# Middle TN



## Maxh92 (Dec 2, 2016)

Hey all -Are they any of you guys located in middle TN that would be up for meeting up for a stick or two sometime? Not sure if there's anyone on here from this area.


----------



## Ranger0282 (Mar 12, 2016)

Welcome..Welcome..... I am from Alpine Tn. 6 miles outside of Livingston. North of Cookeville. Where are you at?


----------



## Maxh92 (Dec 2, 2016)

West Nashville, myself - Do you ever make it over this way to any of the shops in the 'city'?


----------



## Ranger0282 (Mar 12, 2016)

Afraid not. I have one mule and she is only good for about 10 miles... I have always wanted to go to Nashville just to try the BBQ joints. One of these days we are going to make it. I'll probably be gumming my spare ribs by then. I just found out there is a cigar lounge in Mt. Juliet. I have to go there once a month for a DR. appointment. You ever make it that way?


----------



## Maxh92 (Dec 2, 2016)

Ranger0282 said:


> Afraid not. I have one mule and she is only good for about 10 miles... I have always wanted to go to Nashville just to try the BBQ joints. One of these days we are going to make it. I'll probably be gumming my spare ribs by then. I just found out there is a cigar lounge in Mt. Juliet. I have to go there once a month for a DR. appointment. You ever make it that way?


There's plenty of good BBQ out this way.

I haven't been out to Mt. Juliet, yet. It isn't too bad of a drive though. Would definitely be interested in a meet up, at some point!


----------



## Ranger0282 (Mar 12, 2016)

Me as well. I went in there the other day looking for some Spanish Cedar to make a Tupperdoor. I plan on winning big come the Super Bowl !! The guy at the front desk was a fairly nice person to chat with. Anyway, wasn't a huge place but it looked really nice on the inside.


----------



## Mistrsynistr (Apr 30, 2017)

I'm also from middle Tennessee, around the Murfreesboro area if anyone ever wants to meet up for a stick or two just let me know.


----------



## JtAv8tor (Apr 12, 2017)

While it's not TN I am in Huntsville Al and occasionally make it up to Nashville 


Sent from my iPad using Tapatalk Pro


----------



## Cossie (Feb 25, 2018)

Maxh92 said:


> Hey all -Are they any of you guys located in middle TN that would be up for meeting up for a stick or two sometime? Not sure if there's anyone on here from this area.

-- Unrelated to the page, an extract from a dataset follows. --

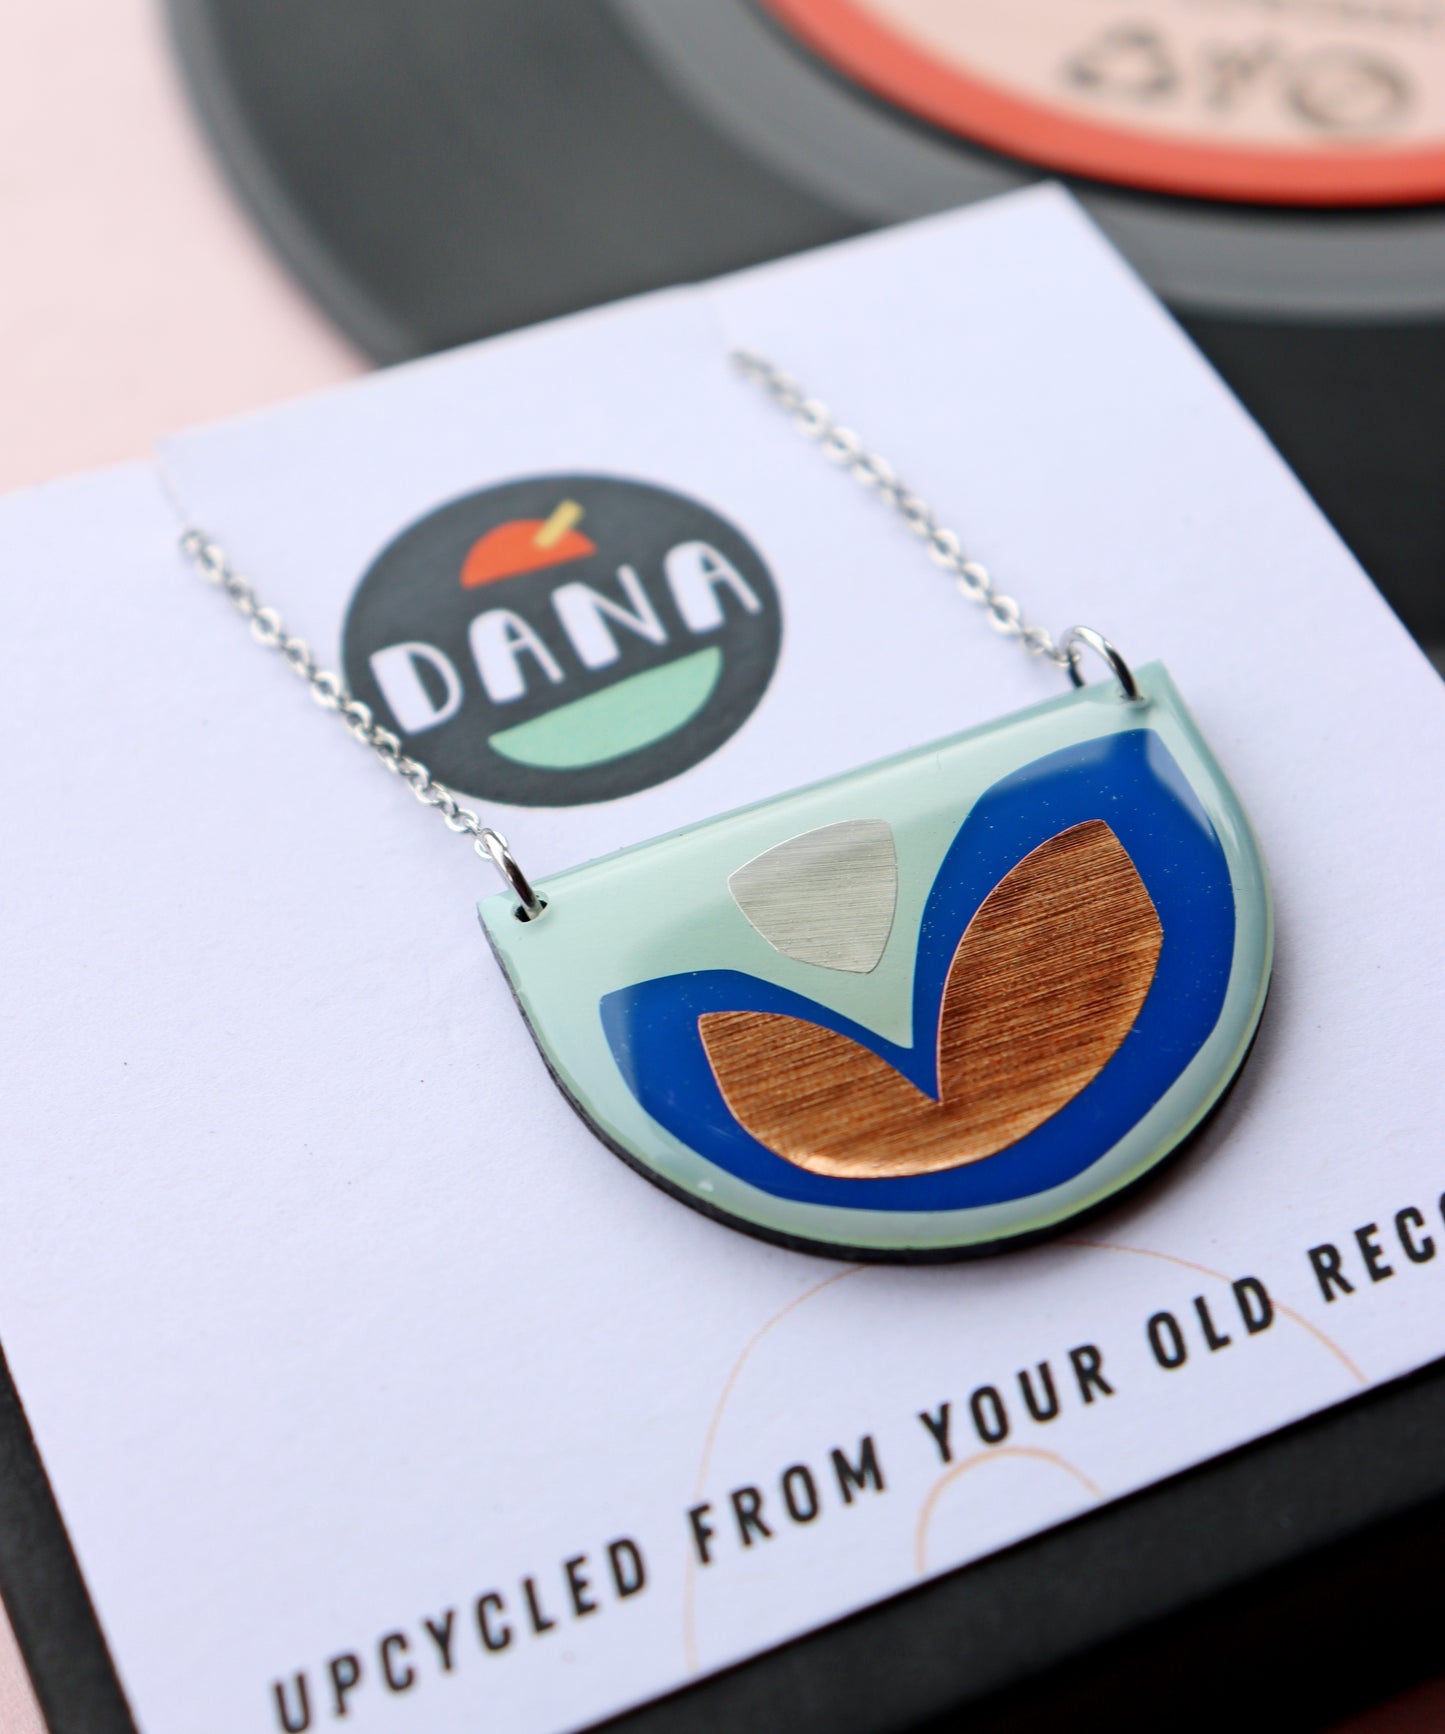 30% OFF / FLOR upcycled vinyl record necklace in blue, copper and silver

Hello I just joined. I'm a little late to this thread. But I'm in the Nashville area. I'm always up for meeting another stogie head.


----------



## Scotch-n-Stick (Feb 5, 2018)

@Olecharlie and I are both in the Nashville area.

I'd like to propose taking this a step further and considering a national weekend for anyone on this forum to come to Nashville for a meet and greet. Weather is great, so are the flights in/out ... wonder where we could host.

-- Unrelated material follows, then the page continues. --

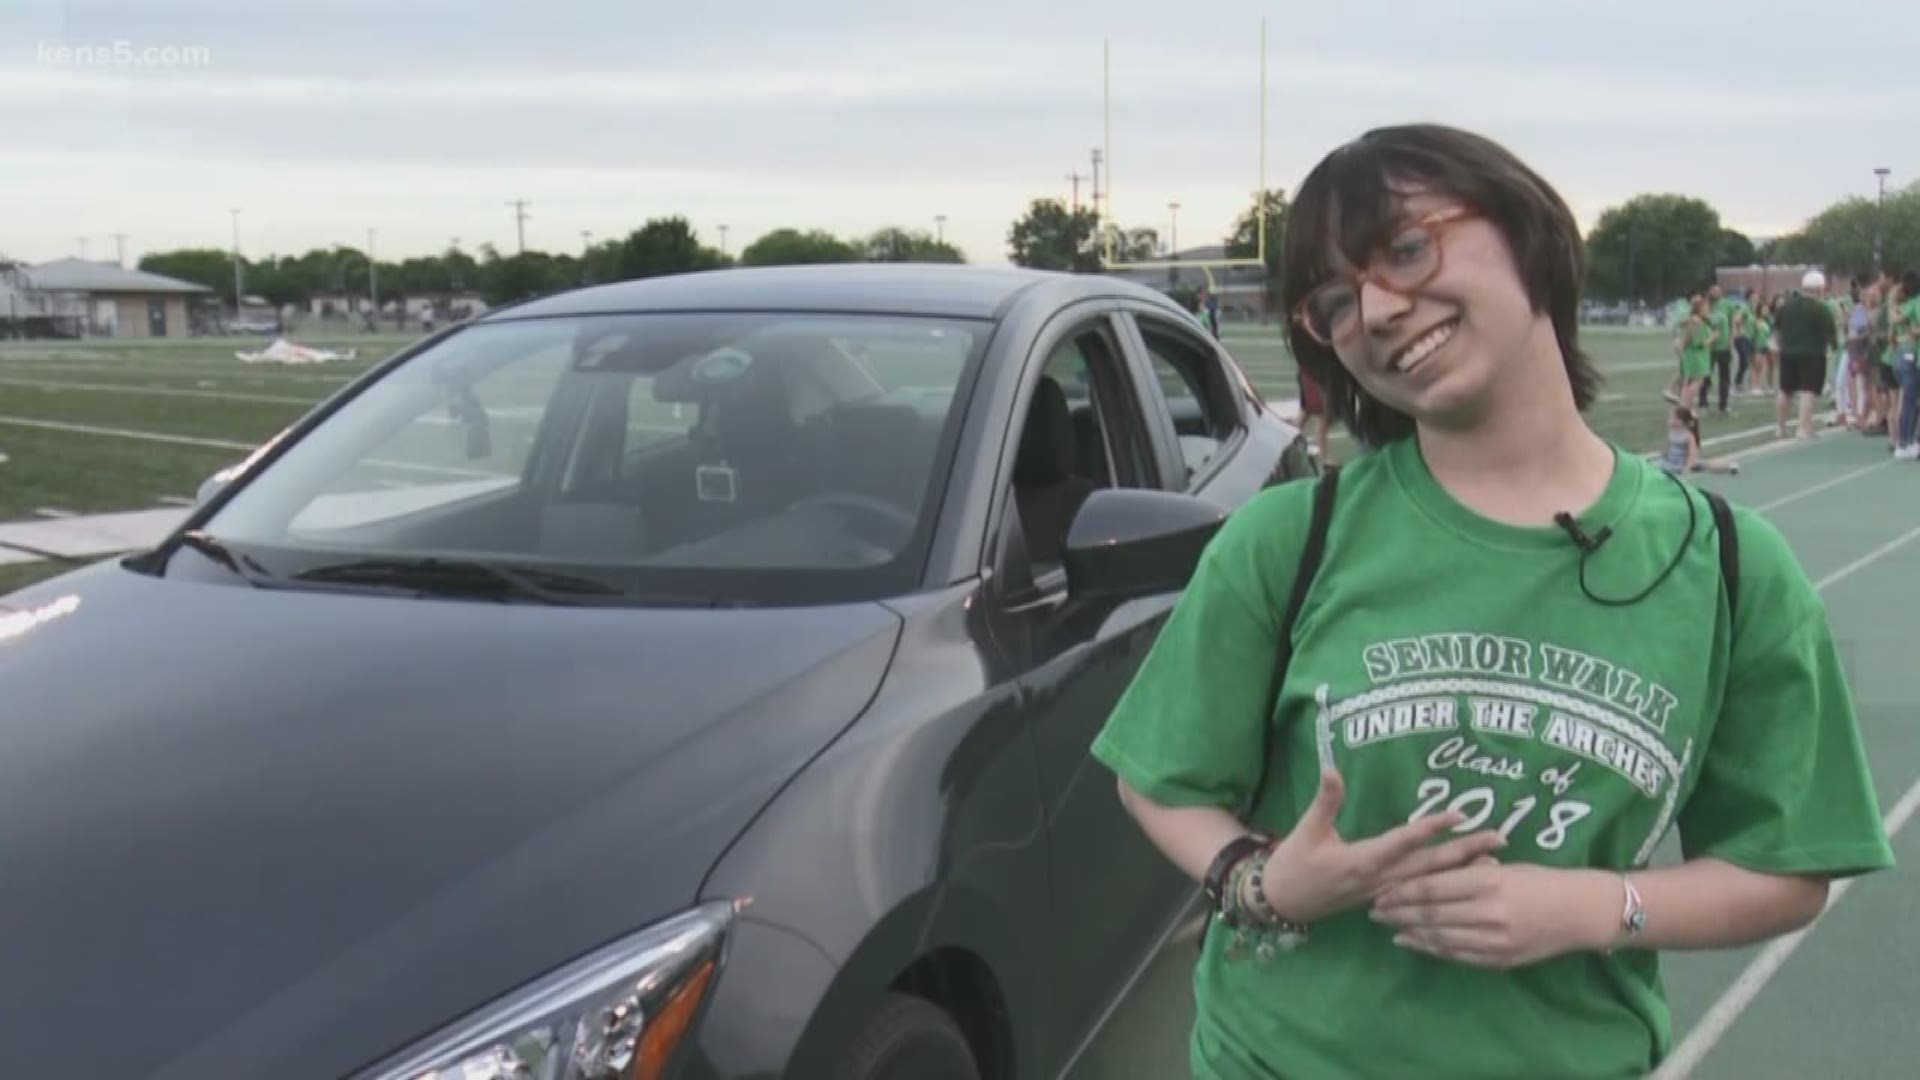 How can graduation week get any better for a high school senior? A new car might do the trick.

Let's get some pics of us in some of them fancy cigar magazines ... Better yet, let's get some cigar reps to help cover the costs/provide sticks & marketing SWAG too !


----------



## Cossie (Feb 25, 2018)

Scotch-n-Stick said:


> @*Olecharlie* and I are both in the Nashville area.
> 
> I'd like to propose taking this a step further and considering a national weekend for anyone on this forum to come to Nashville for a meet and greet. Weather is great, so are the flights in/out ... wonder where we could host.
> 
> Let's get some pics of us in some of them fancy cigar magazines ... Better yet, let's get some cigar reps to help cover the costs/provide sticks & marketing SWAG too !


That's a great idea. (Especially working with the cigar reps.) Also, Im from the Nashville area and just joined the forum. I heard from Olecharlie, if you both or one of ever wanna hook up and grab a smoke, PM me if you want. Thanks.


----------



## jaylito (Apr 2, 2018)

Manchester tn here. Work in murfreesboro and go to Huntsville a lot. Any brothers in murfreesboro or huntsville would like to get together I'm in. I'm in huntsville on weekends an in murfreesboro all week


----------



## JtAv8tor (Apr 12, 2017)

jaylito said:


> Manchester tn here. Work in murfreesboro and go to Huntsville a lot. Any brothers in murfreesboro or huntsville would like to get together I'm in. I'm in huntsville on weekends an in murfreesboro all week


I live in Huntsville myself, and can be found lurking at the Humidor Pipe Shop on the south parkway off bob Wallace

Sent from the safe-house under Witness Protection


----------



## Travoline (Mar 26, 2018)

West Nashville area, well actually Bellevue. I typically sit on my deck, with my dogs and enjoy my cigars. But my dogs just don’t seem to talk back. I am always up for meeting up. However with two little ones I just hope for a good hour or two break and good weather to head to the back porch. But always willing to plan something a few days to a week ahead of time and meet up somewhere. 


Sent from my iPhone using Tapatalk


----------



## Olecharlie (Oct 28, 2017)

Was planning on calling on a few to meet up at Cigar Abbeys on a Saturday afternoon. Let me know if anyone is interested. Its on the East side of Nashville. Mt Juilet Big Star is about 5 miles from my house. Yes it’s small but I’m always up for meeting up.


----------



## Maxh92 (Dec 2, 2016)

I’m down! That sounds like a good time to me. 


Sent from my iPhone using Tapatalk


----------



## Tennessee Slim (Mar 24, 2006)

Another Nashville guy here. Actually, White House which is about 20 miles north of downtown. We have Rick's Cigar Lounge here in WH which is a really nice shop. I also work in the middle of downtown.


----------



## Rabidawise (Apr 23, 2018)

I'm right outside of Memphis, but if it were planned out far enough in advance, I would make the drive over.


----------



## Travoline (Mar 26, 2018)

The wife and little ones will be in Fancy Farm this weekend visiting family. Before you ask, yes that is a real place in KY. Might get out and have me a cigar somewhere in town. If anyone plans on being out let me know. Might try Cigar Abby, Tobacco Road or somewhere...


----------



## greasemonger (Jan 14, 2018)

Headed up to N'ville thursday morning for a long bachelor party weekend. Thursday its just me and one buddy staying at the airport Hilton, planning to hit the abbey and more Thurs afternoon/evening. Once the rest of the crew shows up Friday afternoon we stay at an AirBNB and Friday/Sat nights out on the town for some revelry. If anyone's out and about Thursday evening or Friday Midday, I'd be down for a little herf with the locals, and some tips on the Nashvegas nightlife.


----------



## Maxh92 (Dec 2, 2016)

Shoot me a PM. I may be able to meet up Thursday evening. What places are you thinking of hitting up besides Abbey?


Sent from my iPhone using Tapatalk


----------



## greasemonger (Jan 14, 2018)

Maxh92 said:


> Shoot me a PM. I may be able to meet up Thursday evening. What places are you thinking of hitting up besides Abbey?
> 
> Sent from my iPhone using Tapatalk


Literally no clue. Never actually stopped in Nashville, just passed through for work and visiting family in Jackson. Ill PM ya tomorrow for sure.


----------